Columbie-Abrew also admitted that he and other co-conspirators submitted false timesheets for PAS care they never provided during times when they were actually working at other jobs or living out of the area. Specifically, Columbie-Abrew admitted that during the conspiracy—from approximately early 2011 through approximately mid 2017—he caused the submission of false timesheets for care of two consumers who resided in Pennsylvania, despite the fact that Columbie- Abrew lived permanently in Georgia. In total PA Medicaid reimbursed Moriarty-related entities approximately $315,000 for purported care of these two consumers.

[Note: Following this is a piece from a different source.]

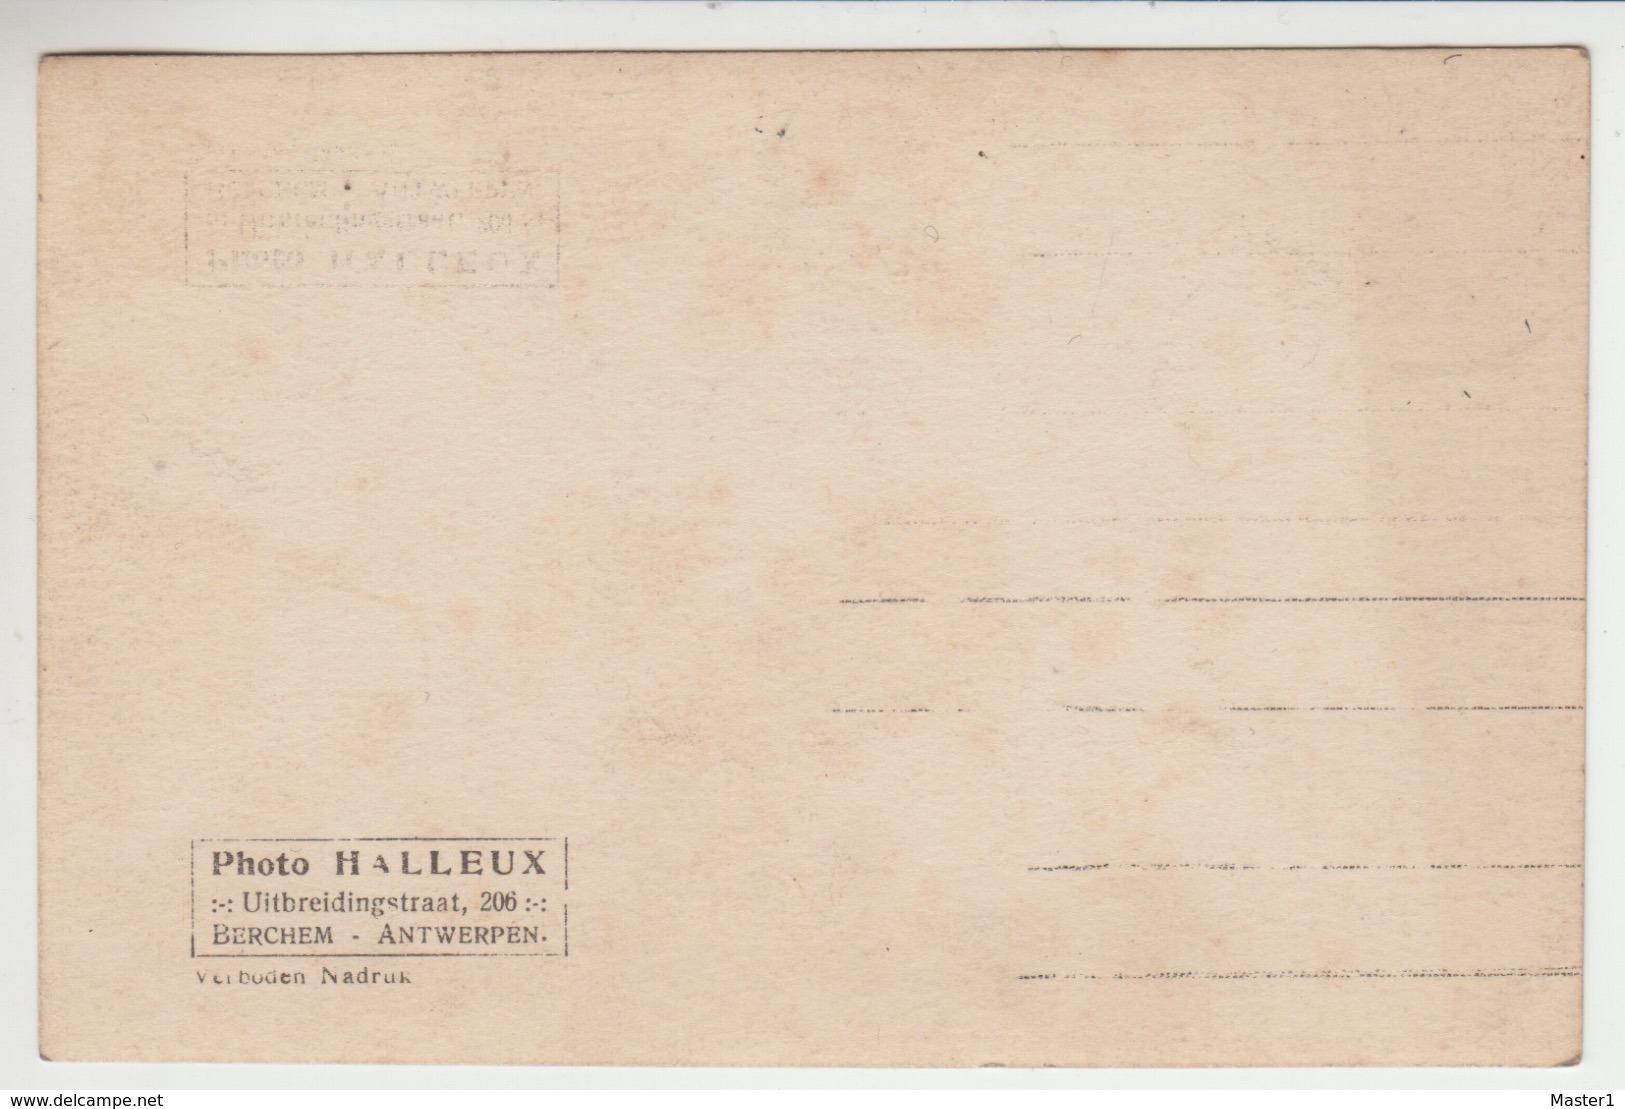 PHOTO CARD BOXING BOKSEN LA BOXE / BRUXELLES 1926 / PIET HOBIN Antwerpen X LEO DARTON Charleroi 15/4/1926, Photo Halleux - Boxe

Columbie-Abrew further admitted that Arlinda Moriarty directed co-conspirators to bill the maximum allowable PAS and service coordination hours for consumers to maximize profits and to ensure that the state did not require MCI, ADL, and CCI to forfeit underutilized consumer hours. Many consumers had no knowledge that their personally identifiable information was being used to bill Medicaid for benefits that the consumers had not exhausted. Moreover, the Court was further advised during the plea hearing that, as part of the conspiracy, Arlinda Moriarty directed employees to fabricate documentation during the course of state audits.

The conspiracy and health care fraud charges each carry a maximum total sentence of not more than 10 years in prison, a fine of $250,000, or both. The aggravated identity theft charges carry a mandatory sentence of two years in prison to run consecutively with any sentence imposed on any other charge and a fine of no more than $250,000. Under the Federal Sentencing Guidelines, the actual sentence imposed would be based upon the seriousness of the offense and the prior criminal history, if any, of the defendant.

To date, a total of 16 defendants have been charged in connection with this investigation. Columbie-Abrew is the fifth defendant to enter a guilty plea. The remaining defendants are presumed innocent unless and until proven guilty.

Assistant United States Attorneys Eric G. Olshan and Special Assistant United States Attorney Edward Song are prosecuting this case on behalf of the government. The Federal Bureau of Investigation, Pennsylvania Office of the Attorney General – Medicaid Fraud Control Unit, Internal Revenue Service – Criminal Investigation, U.S. Department of Health and Human Services – Office of Inspector General, and United States Postal Inspection Service conducted the investigation of the defendants.